In my view, the ultimate purpose of the bill -- reversing the SWANCC and Rapanos -- is misguided. Reasserting federal regulatory jurisdiction to its constitutional limit (if not farther) serves neither the aim of regulatory certainty nor the cause of more effective environmental conservation. Stretching federal resources over an ever-greater environmental expanse does not improve regulatory efficacy. A wiser approach, in my view, is to target federal regulatory efforts where federal regulation can do the most good. Specifically, federal regulation of waters and wetlands should be focused on those areas in which the federal government has a particular federal interest (as is the case with navigable interstate waterways) or where federal involvement is necessary to prevent states from exporting environmental harms on their neighbors. Such an approach is not only more consonant with the underlying constitutional values that motivated the Supreme Court's decisions in SWANCC and Rapanos, it is also likely to be more effective -- and will leave ample room for non-regulatory efforts and non-federal actors to complement federal regulation. Not only will the Oberstar legislation do nothing to accomplish this goal. It would actually move federal policy in the opposite direction.

Hans Bader (mail):
"Fixed" to what end? If you already have 99 percent of what you want under a law, do you really need to "fix" it to get 100 percent, when getting that last 1 percent raises serious constitutional problems?

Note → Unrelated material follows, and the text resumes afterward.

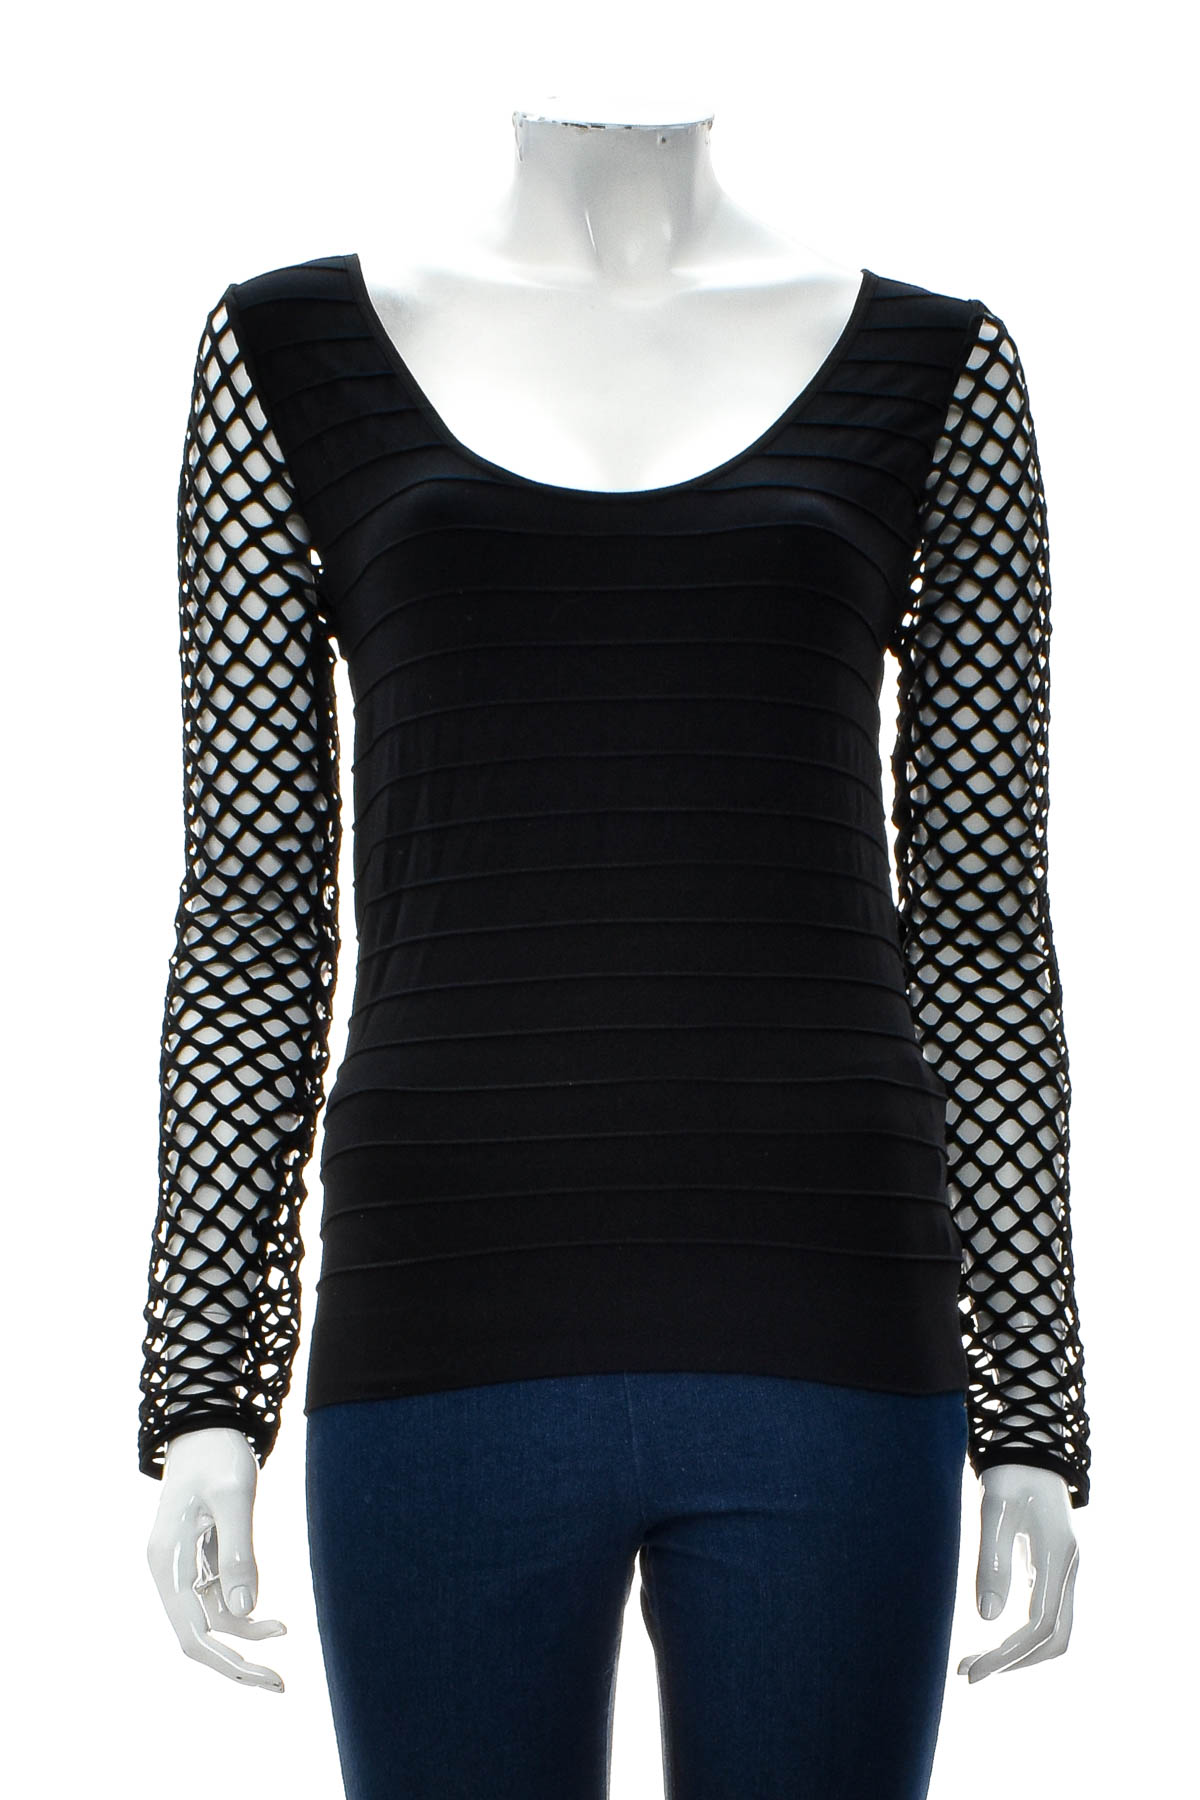 Women's blouse - LivCo Corsetti Fashion - 0

What can't the government regulate under current law that it wants to regulate?

In practice, Justice Kennedy's opinion in Rapanos allows the government so much regulatory power that it is only slightly narrower than the opinion of the four liberal justices.

Expanding the law's reach by converting the liberal justices' opinion into law would only incrementally expand the government's power, which is already vast, while risking a finding by the Court that the slightly expanded law has pushed the envelope too far given the already vast reach of the statute even prior to the expansion.
9.10.2007 6:14pm
AF:
I understand that you're opposed to the decision on policy grounds. But it seems a bit disingenuous to argue that the bill fails on its own terms to clarify the scope of federal jurisdiction because courts will impose their own convoluted limitations that are not intended by Congress. Also, I don't understand how jurisdictional elements "avoid this problem" -- they still require courts to determine the limits of federal authority. Or are you suggesting that in the absence of a jurisdictional element the CWA will be struck down in its entirety?
9.10.2007 6:30pm
CDU (mail):
"Also, I don't understand how jurisdictional elements "avoid this problem" -- they still require courts to determine the limits of federal authority."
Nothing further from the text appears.